Wouldn’t it be easier to just Skype?
Federal Communications Commission rules require any service provider that applies for broadband subsidies under universal service fund programs also offer telephone service. It’s not because of any law of nature – the California Advanced Services Fund functions quite well without screwing around with dial tone requirements – but rather simply the result of bureaucratic inertia.
The FCC’s decision to bring broadband service and infrastructure under common carrier rules hinted at broadband-only subsidies. Now, commissioner Ajit Pai is proposing to formally change subsidy requirements to allow pure Internet service providers to apply. It will even benefit traditional rural telephone companies, Pai argues, because it will allow them to satisfy cord cutters without losing federal support dollars…
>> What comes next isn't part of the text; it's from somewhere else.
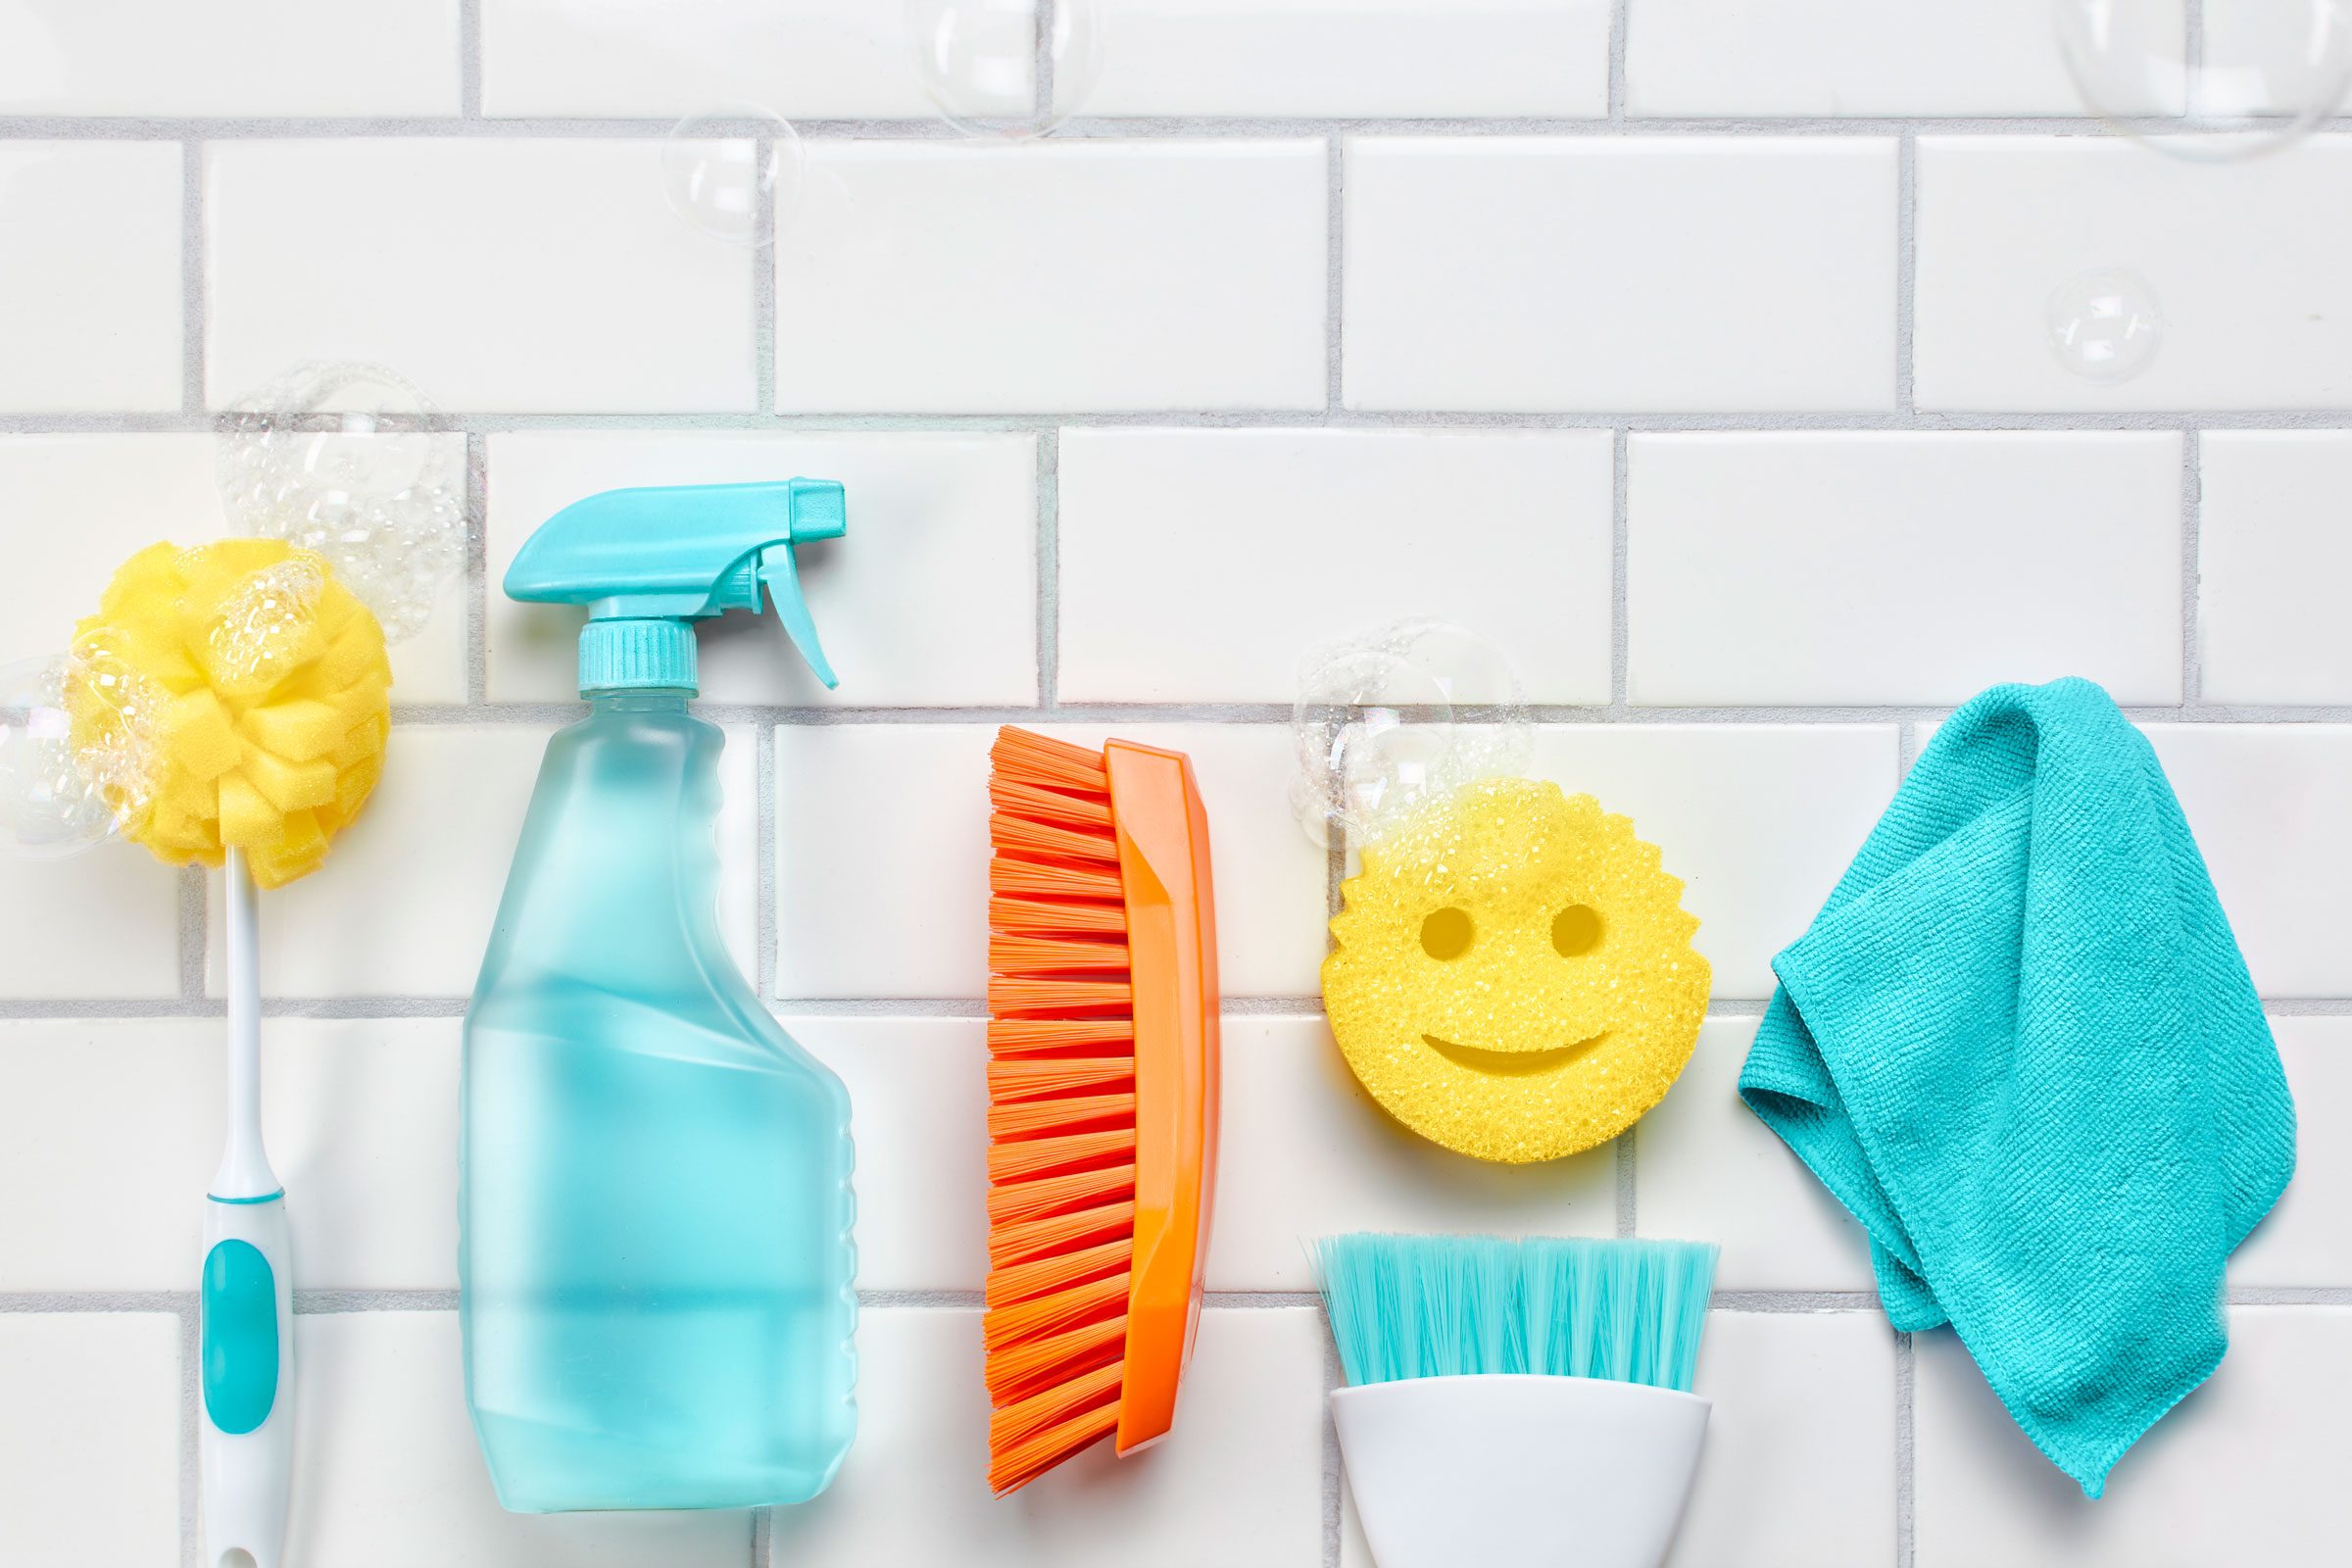 About Cleaning Product Ingredients  The American Cleaning Institute (ACI)

On one hand, they can offer stand-alone broadband—which urban consumers have and rural consumers want—and lose universal service support. On the other, they can deny consumers the option of an Internet-only service, and risk them dropping service altogether (which they increasingly are). The net result is that rural carriers hold back investment because they are unsure if they can deploy the next-generation services that consumers are demanding.
Pai correctly notes that this concept has received bipartisan support in the U.S. congress. And he refrains from slathering on republican talking points, instead going back to the kind of usefully geeky detail that he’s quite good at. It’s a constructive attempt to move the universal service discussion away from the childish partisan sniping that’s marked the debate over common carrier rules for broadband for the past few months.